Wednesday 29 April 2015

The Ghetto Tarot: Images, Facts & Crowdfunding Bid


These images are from an amazing tarot project called The Ghetto Tarot, which aims to highlight poverty in the Haitian Ghetto - but also to showcase the artistic talent of people living there. Photographer Alice Smeets is raising money through crowdfunding to complete the project. Here is a press release she sent me about the deck and at the bottom is a link to the crowdfunding page:
The Ghetto Tarot is a photographic interpretation of the traditional tarot deck in the ghetto. The scenes are inspired by the very ancient, European Rider Waite Tarot deck and are replicated together with a group of Haitian artists called Atis Rezistans (resistant artists) in the Haitian slums using only material we were able to find or create locally.

While the cards were designed hundreds of years ago with the situations of the time when the world was young, they resonate today with timeless symbols that can be applied to our busy modern world. And not just our modern, western world, but also to any other continent, country or culture, including the Haitian Ghetto. So here comes a temporary, provocative and vivid tarot deck!

Our idea behind choosing the term "Ghetto" as a name for the deck, is to provoke a discussion around the topic, to have people question their own assumptions about what the ghetto really is and to change the often negative connotation that the word implies in our culture into a positive one. The name of the Ghetto Tarot is inspired by the "Ghetto Biennale", which is an invitation by Atis Rezistans to visiting Western and non-Western artists to come to Haiti and create art in collaboration with them to produce a show at the end. Atis Rezistans use trash to create art with their own visions that are a reflection of the beauty they see hidden within the waste.

Our intention is not a glorification of the life in the Ghetto, but to feature the Haitian Ghetto and poverty in general in another light. I have observed over and over again that those, who the world calls "the poor", are full of strength, full of life, joy and creativity. I believe we need more people in this world to start looking at them that way and stop seeing them as victims of a deserted and hopeless situation. A desirable consequence of this imagined situation is a reintegration of the lost self-trust into their own original ideas.

Our objective is to highlight the creativity and strength of the citizens of the Ghetto and we are certain that inside of them lays a treasure of innovative ideas to dissolve the circle of dependence and victimisation, that will break through if the world starts looking at their skills and capacities instead of their deficiencies. That plays an important part of the objective behind the photographies of the "Ghetto Tarot": reaching beyond cultural walls of prejudice and ignorance to achieve a much needed transformation of the collective conscience perception of the Ghetto.
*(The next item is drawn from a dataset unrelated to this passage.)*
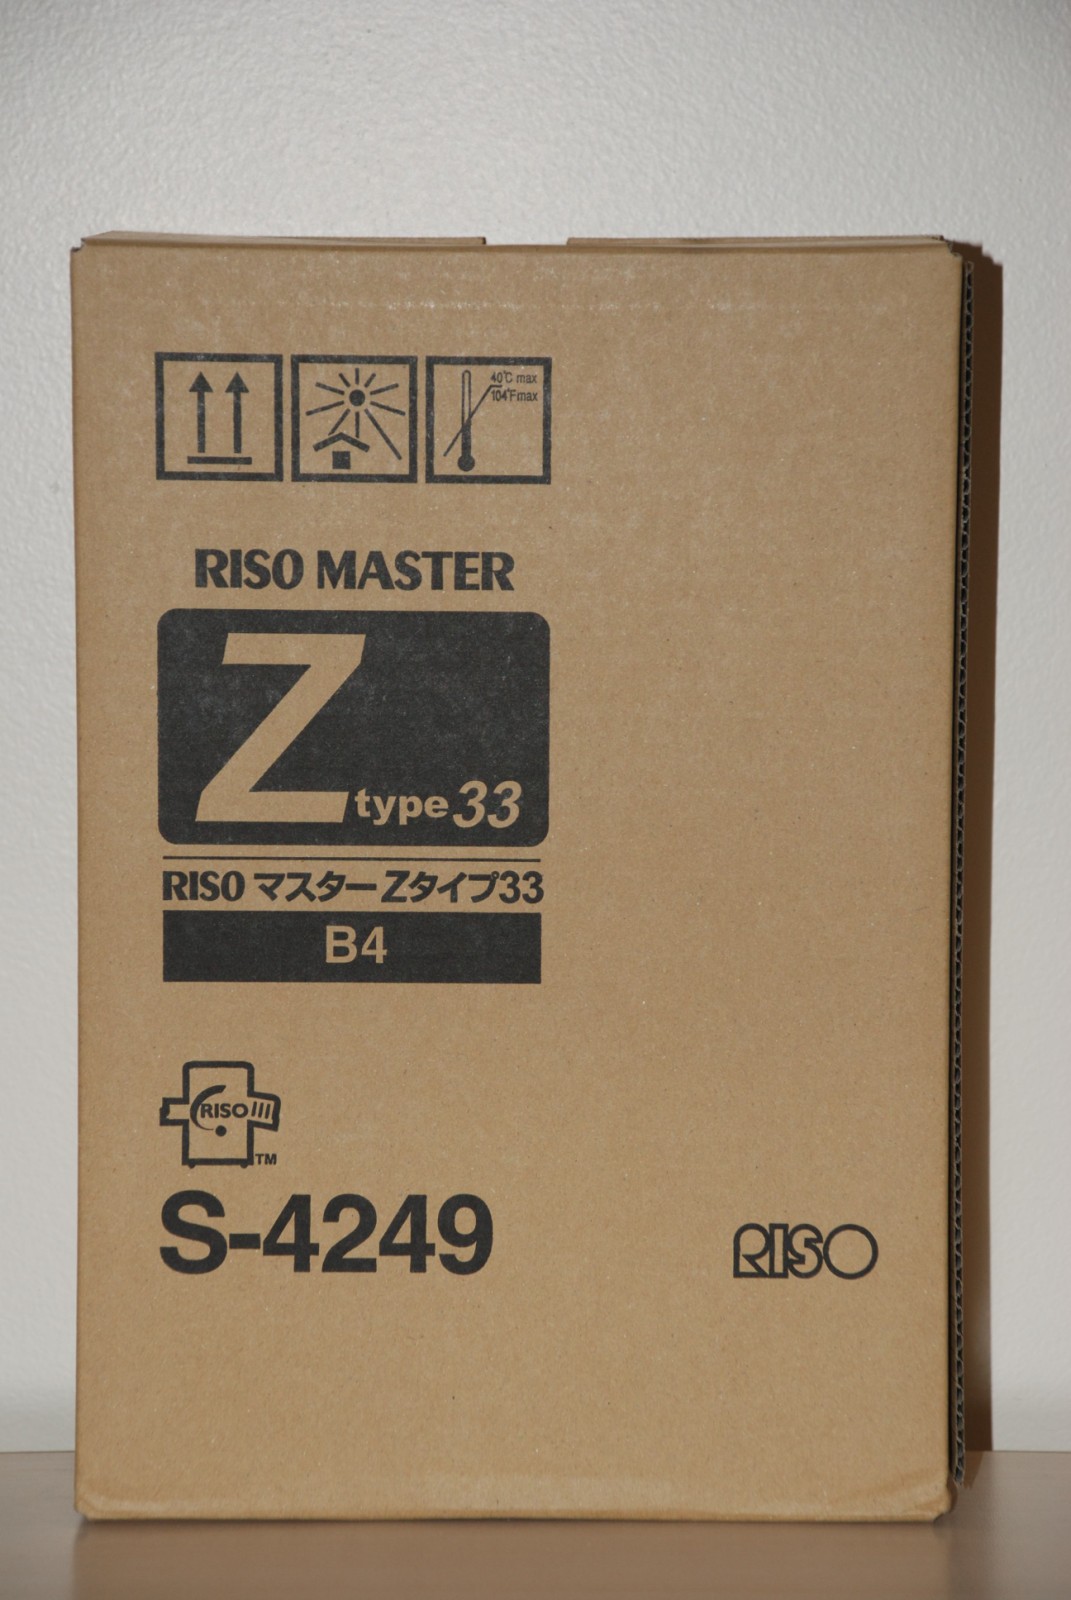 Risograph s-4249 master kit originale B4, confezione da 2 pezzi

Atis rezistans are claiming the word “Ghetto”, free themselves of its depreciating undertone and turn it into something beautiful. Their act of appropriating a word loaded with unfavourable sentiments by altering its meaning is an act of inspiration. This undertaking of the Haitians made me realise that it lies only within us to assign value or judgement towards a tangible or intangible thing, which creates a positive or negative emotion. If we realise that we can choose if we look at destruction and see despair or if we choose to see the start of something new, we can change the meaning of every word, action and emotion. That is something I learnt from the Haitian artists and we are sharing it together with the world through the Ghetto Tarot.

And isn’t the confrontation of our inner feelings and emotions what tarot is all about?